Re: version management and relative links

David G. Durand (dgd@cs.bu.edu)
Sun, 9 Jun 1996 13:43:14 -0400


At 4:37 PM 6/8/96, Larry Masinter wrote:
>Let's say that you ask to view "version 3" of a HTML page. Do you want
>the verison 3 of the GIF images that were included, too? Do you want
>all of the hyperlinks to be links to version 3, or continue to be
>links to the original material.

This is the core of the "configuration management problem". I think that it
willnot be possible to define requirements on browsers so that they will
necessarily do the right thing: we can only try to provide help so that
they have the ability to do the right thing. Forn instance the correct
version of a GIF to match version 3 of a document might turn out to be
version 2.3.1 of the GIF. This highlights one of the ways that I think
versioning-aware requests may be different in a configuration-managed
server

>Is it possible to do this without rewriting the URLs contained within
>the material? If the material uses relative links, do you want to
>arrange it so that relative URLs don't have to be rewritten?

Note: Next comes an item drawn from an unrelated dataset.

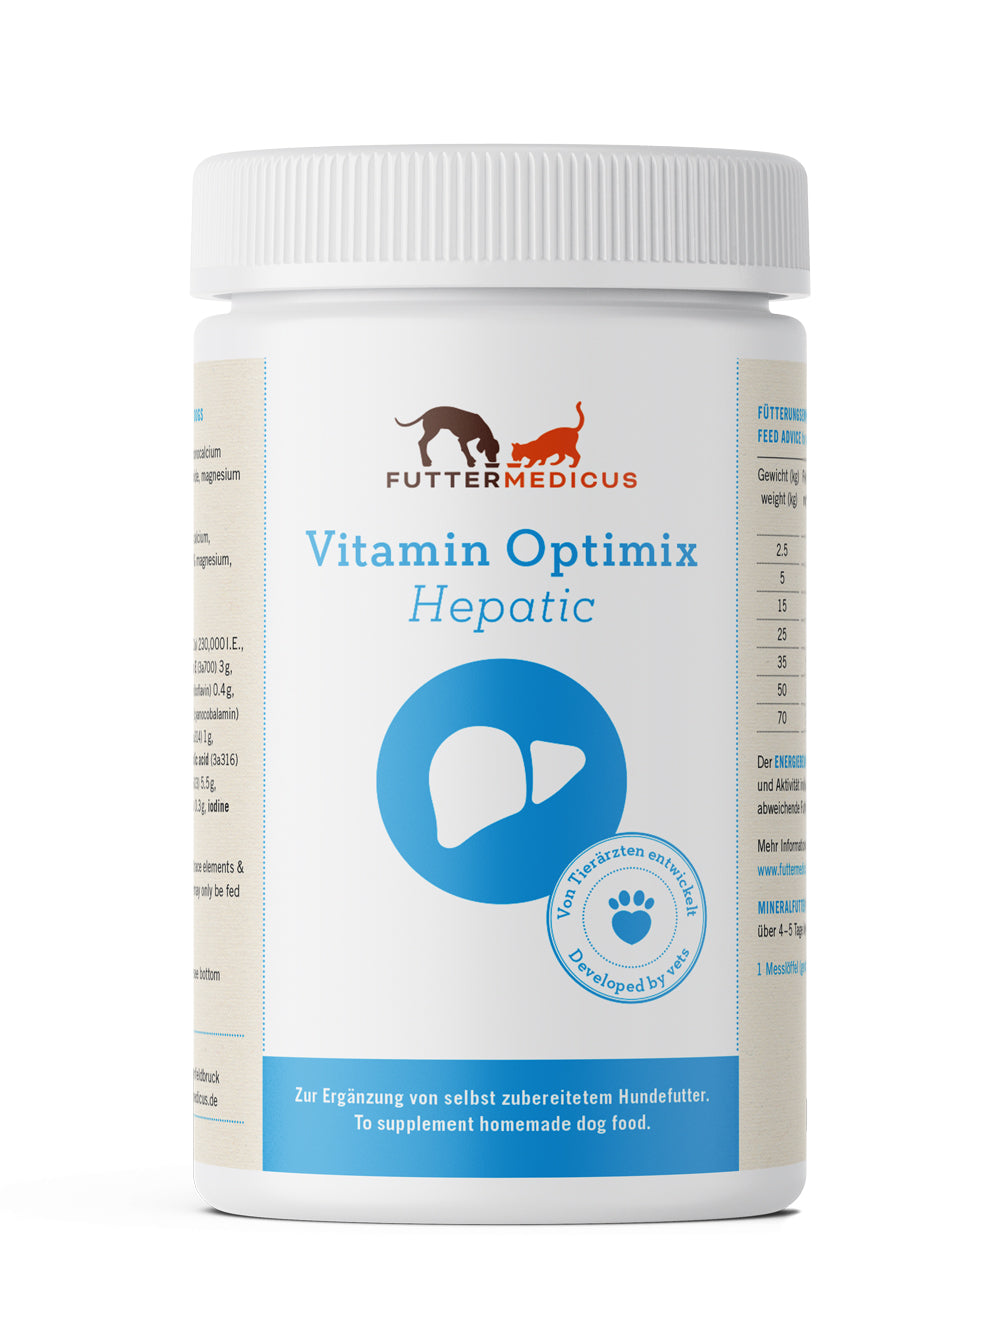 Vitamin Optimix Hepatic

If the URLs contain an implicit "current version" reference, when no
version is specified, then versioning-unaware clients can function
correctly with relative links.

   For versioning aware clients, I can imagine several possibilities: one
would be to include the full URL (including version) of the current
document, along with the URL (without version information) of the source
URL. This will work for some simple versioning strategies, but will fail
when the same version of a document is part of several configurations.

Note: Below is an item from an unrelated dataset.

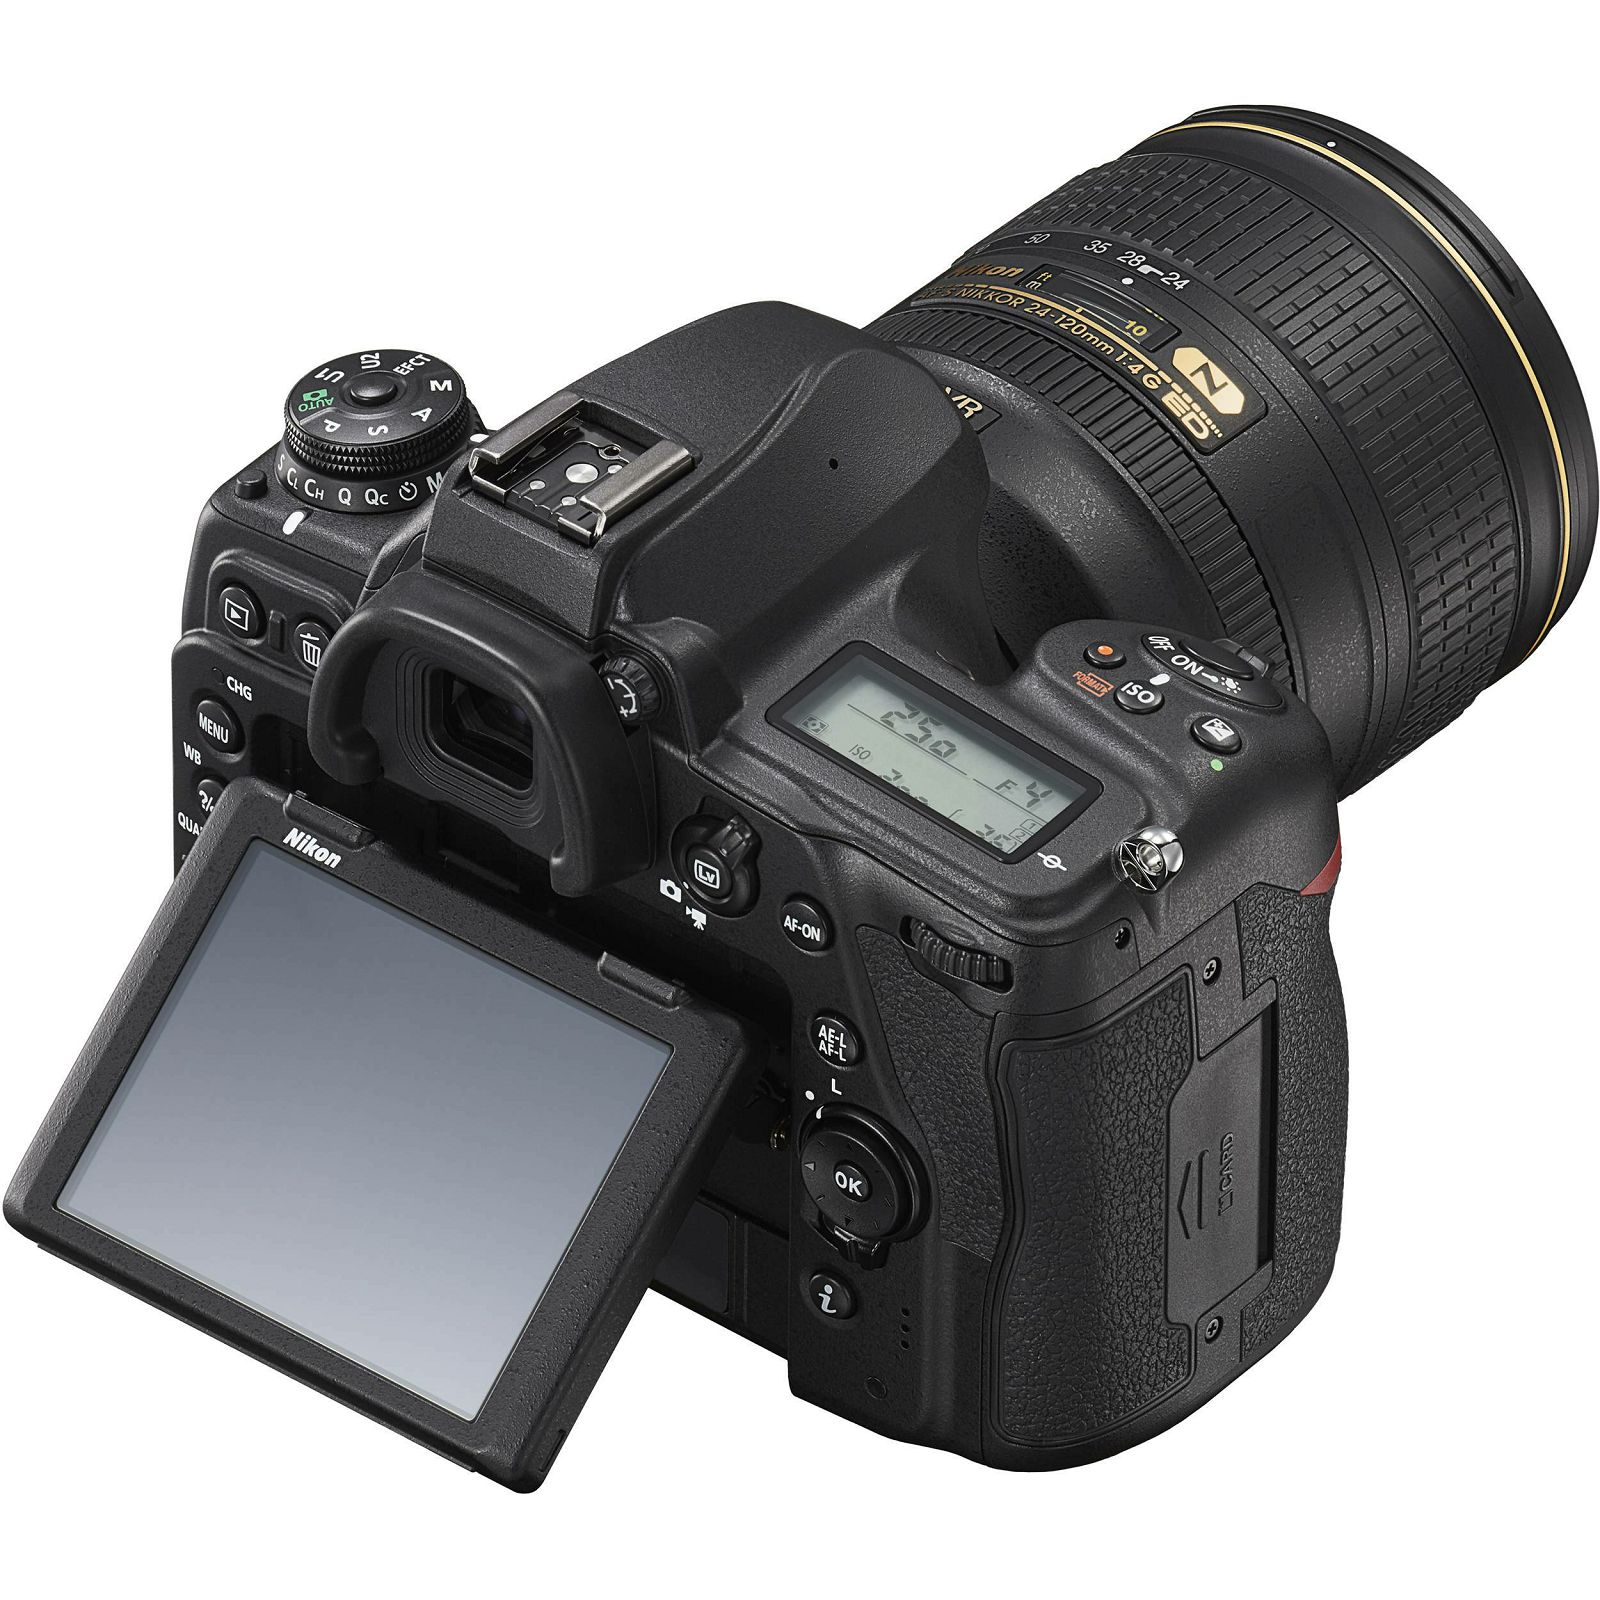 Nikon D780 Body DSLR Digitalni fotoaparat tijelo FX Full frame (VBA560AE)

  For example with configurations C1 and C2. C1 contains documents D1v1
(document 1, version 1) and D2v1. configuration C2 contains D1v1 and D2v2.
Now if D1 has a relative link to D2, a browser that wants to follow the
link cannot select D2v1 or D2v2 without knowing which configuration
containing D1v1 is the user's "current configuration".

   Another strategy is to address configurations explicitly (but I would do
this as a secondary round of work) and have an opaque Configuration-ID,
attribute of a resource that would be a magic cookie to the server,
allowing the selection of the desired version.

   Also possible should be a strategy where the user, via browser settings
or explicit notification, can be made aware that alternative versions of
the document exist, and a selection made among them. In the case of a
publication scenario, configuration management is better. However, if the
documents are separately controlled (D1v1 is a hostile commentary on D2v1,
let us say), then the version information about D2, and the chronological
relations between the three versions, may be highly significant. Note that
this kind of situation can arise even in a single server if there is
collaborative work being done.

   This is one reason that I think a "current version" strategy is
important -- it provides a simple solution for versioning-unaware browsers,
and a good default strategy for browsing, even with versioning-aware
browsers, when a user is not interested in the historical record.

   Versioning aware editors, however will need to have a choice of
strategies that include configuration management, but also include manual
or automatic overriding of versioning information presented in the URL.

   It's also worth noting that the relative URL problem is really an issue
for servers that are based on file-system technology. Given an integrated
link-database, version information in URLs might be generated by the
HTML-export process, and not recorded directly in the document in the way
we think of when picturing an emacs session on the raw HTML.

   This discussion has highlighted an important requirement:

    **** Versions should be extractable from the URL ****
    While the version string should be opaque, I think that there is some
virtue in being able to tell what part of the URL is identifying
information, and what is version information: for one thing this is
required to implement the "current version" strategy. If we don't do this,
then the version information is totally hidden in the URL, and special HTTP
queries become the only way to find out even the simplest version
relationships among URLs (such as the predicate
are-versions-of-the-same-object(x, y)).

>In the MHTML working group (sending HTML in MIME), there was some
>design work at one time on a 'catalog' which might be included as a
>wrapper to a HTML page as part of multipart/related. The 'catalog'
>would consist of a set of renamings
>
>> Interpret the following (enclosed) HTML page, but within it,
>> whenever you see this URL
>>       "http://blah.blah.com/stuff"
>> substitute the following URL instead
>>        "cid:012312313ab@blah.com"

   I think you mean the MIME-SGML group and not the MIME-HTML group. On
that assumption:

   The CATALOG proposal is based on SGML-Open catalogs for mapping ISO
Public Text Identitifiers to system access strings (like URLs). This is a
great way to do location-independent naming (since you can get the catalog
from anywhere), but it's not implemented as a URL-rewriting strategy.
Unfortunately the ISO public names don't currently include any
revision-control information. I would love to set up a convention for that
here, but I think that this is something that should be done after the
basic foundations are in place.

   The real problem with this is that CATALOGs only make sense in the
context of an SGML entity manager -- they map Public Identifiers (for SGML
"external entities") to storage locations. They do not map attribute values
(like HREFs). If a catalog file is the best approach we might ease
implementors' burdens by stealing some of the syntax, but a correct CATALOG
implementation would not function the way you suggest (i.e. as a URL
mapping).

>I'm wondering if we might presuppose a 'catalog-aware' browser rather
>than a 'version-aware' browser. A versioned resource would be
>delivered as a cataloged entity so that embedded URLs that pointed to
>or included versioned material could themselves be versioned.

   Perhaps URL-renamings should be part of the configuration layer of the
versioning stuff. Does anyone have any opinions on this?

>Larry

----------------------------------------------+----------------------------
  David Durand                 dgd@cs.bu.edu  | david@dynamicDiagrams.com
  Boston University Computer Science          | Dynamic Diagrams
  http://cs-www.bu.edu:80/students/grads/dgd/ | http://dynamicDiagrams.com/